My formulative years, as a music fan and as an aspiring musician, were the 1970's, considered by many to be a wasteland in the history of music. The 50s gave us rock and roll, the 60s gave us the Beatles, Motown, and the Summer of Love. The 70s gave us....disco? I never saw "Saturday Night Fever." Promise. People who grow up with me in this era try to convince me that it wasn't so bad. There was Steely Dan, Earth, Wind & Fire, and....The Bee Gees? They never seem to get much deeper than this, and then quickly change the subject.
At this same time we here in Hawai'i experienced what is now known as the "Renaissance of Hawaiian Music." The Sunday Manoa and other groups of the era led an avalanche of new, innovative, and creative music that lasted through the 70s. In the mid-70s, contemporary island acts like Cecilio & Kapono, Kalapana, Country Comfort and others showed that musicians could record music that was not Hawaiian and still be very successful here. For the most part they recorded original music, and it was well accepted by both the public and radio stations.
I don't know exactly when, but somewhere between the 70s and today something went very wrong with the the local recording industry. Someone recorded a remake of an old tune, a cover tune, and apparently did very well with it. Of course there were cover tunes before this, almost everyone recorded a golden oldie on at least one of their albums. C & K recorded covers of Stevie Wonder's "All In Love Is Fair" and Boz Skaggs "We're All Alone" on their early albums, but these covers did not catch our fancy the way some of their original tunes like "Friends", "About You", and "Sailing" did.
Nowadays it is difficult to find a locally produced album that does not feature three, four, even seven or eight cover tunes. I've seen local albums that were all cover tunes. Why? Its easy, you don't have to compose anything. Second, its an easy sell to radio stations. The DJs already know the song, it probably was a hit for someone during the past 40 years, so people will probably relate to it and like it. Selling an original song is a bit harder, people don't make that connection to a particular time in life when they may have heard it before. They have to listen, analyze. They have to use a bit of grey matter to decide if they like it or not. For many, it seems, this is too much to ask. Give me something I've heard before, maybe with a reggae beat. Sad.
We may not know what we like, but we like what we know. Stuff we've heard before.
This extends into traditional Hawaiian music as well. We all have our favorites, and when a group goes into the studio to record their first album, of course they want to record the song that an ancestor might have written, or that their father taught them to play, or that is their mothers favorite. More power to you.
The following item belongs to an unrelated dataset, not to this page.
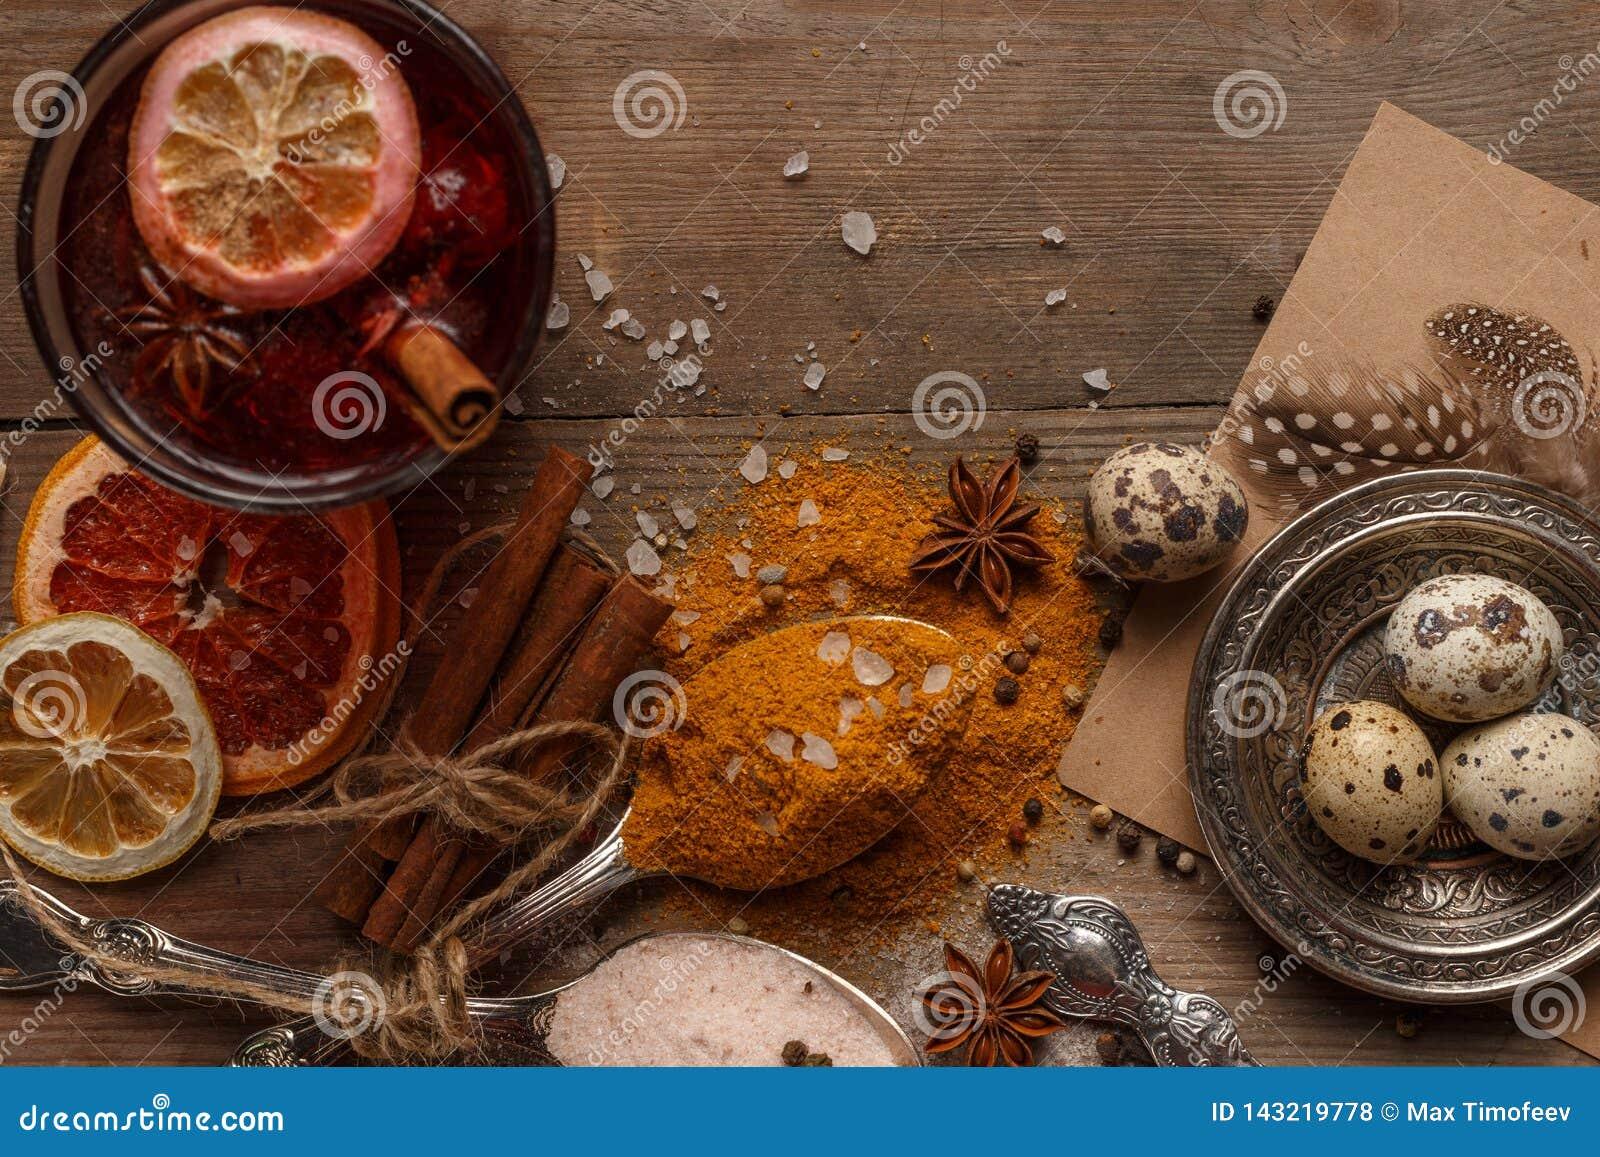 Vin brulé, spezie e frutti secchi su una tavola rustica

The problem I have with this is that these days people seem to be recording all of the same songs, over and over again, and forgetting the huge amount of beautiful, but woefully under-recorded Hawaiian songs. If another version of Pauoa Liko Ka Lehua is released this year I am going to be violently ill. It is a wonderful, beautifully written song, but we've gone to that well a few too many times this year, OK gang?
Fortunately there has been some very nice original music this year, much of it by new artists like Harold Kama, Jr., John Cruz, Kawika Kahiapo, and others. Lets hope this trend continues, and Cover-Mania gets put to bed permanently.
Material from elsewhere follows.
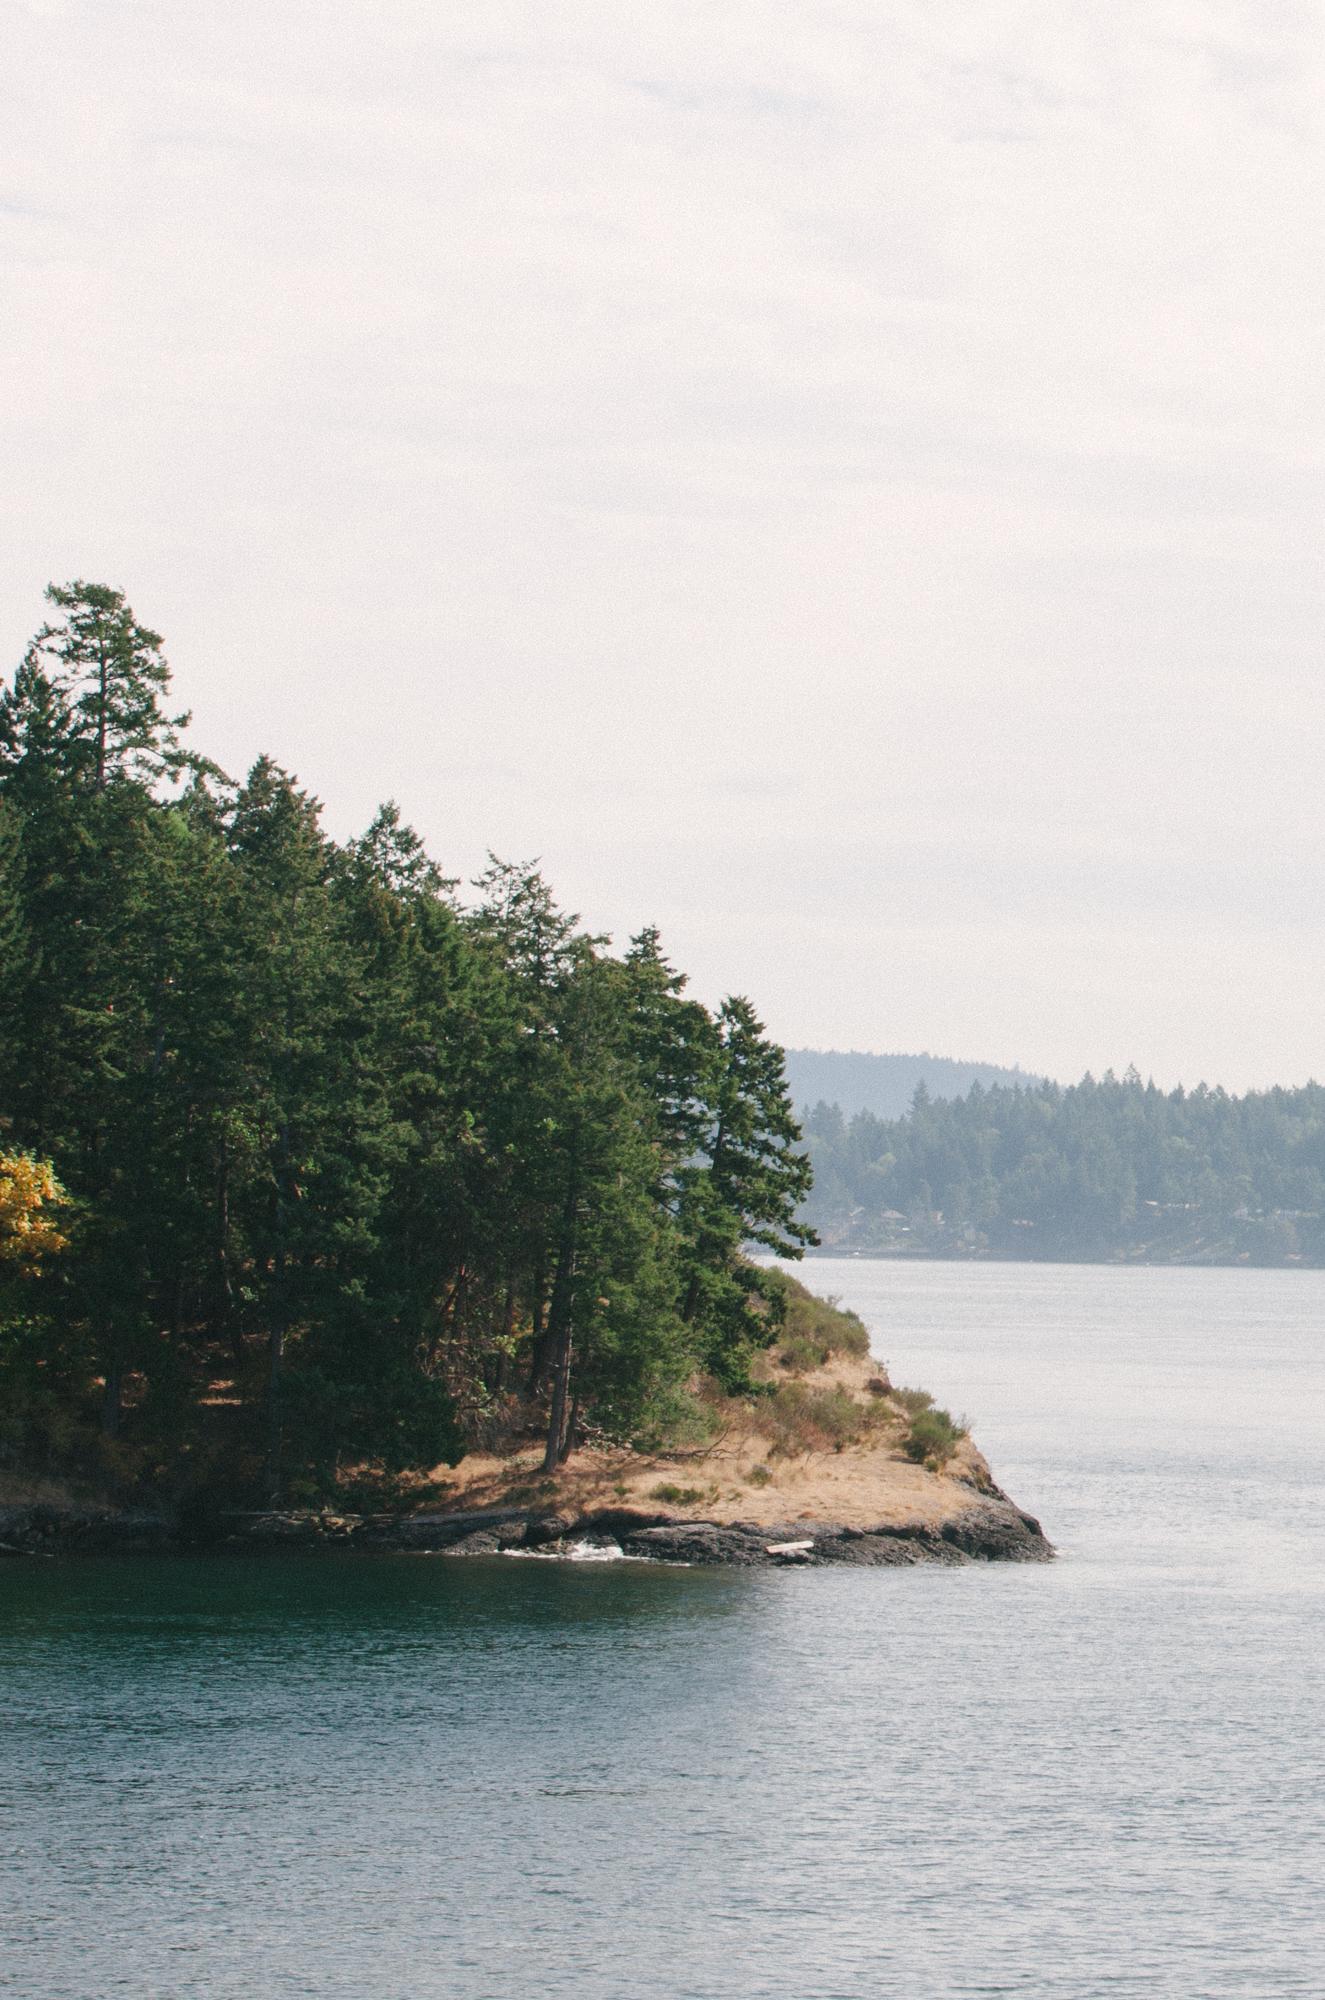 Vacation-adventure-Canada-Vancouver-116

If you can't write original music, and don't know someone who can, that may be a good sign that this is not quite the right time to be going into the studio and recording a CD. Go back to the garage, the back porch, or your club gig for a while, and when the creative juices flow the time will be right. Give than demo tape to someone who will be objective, not to your auntie with the bad right ear. You'll be glad later if you do. You won't find yourself the subject of one of these essays. And please, Mr. Program Director, don't cop out and play the only cover tune on that new release first. Listen to the whole disk and give the original material a chance. If the originals don't cut it (or they're aren't any), why don't you go outside and play a bit of frisbee? Preferably with the neighborhood pitbull.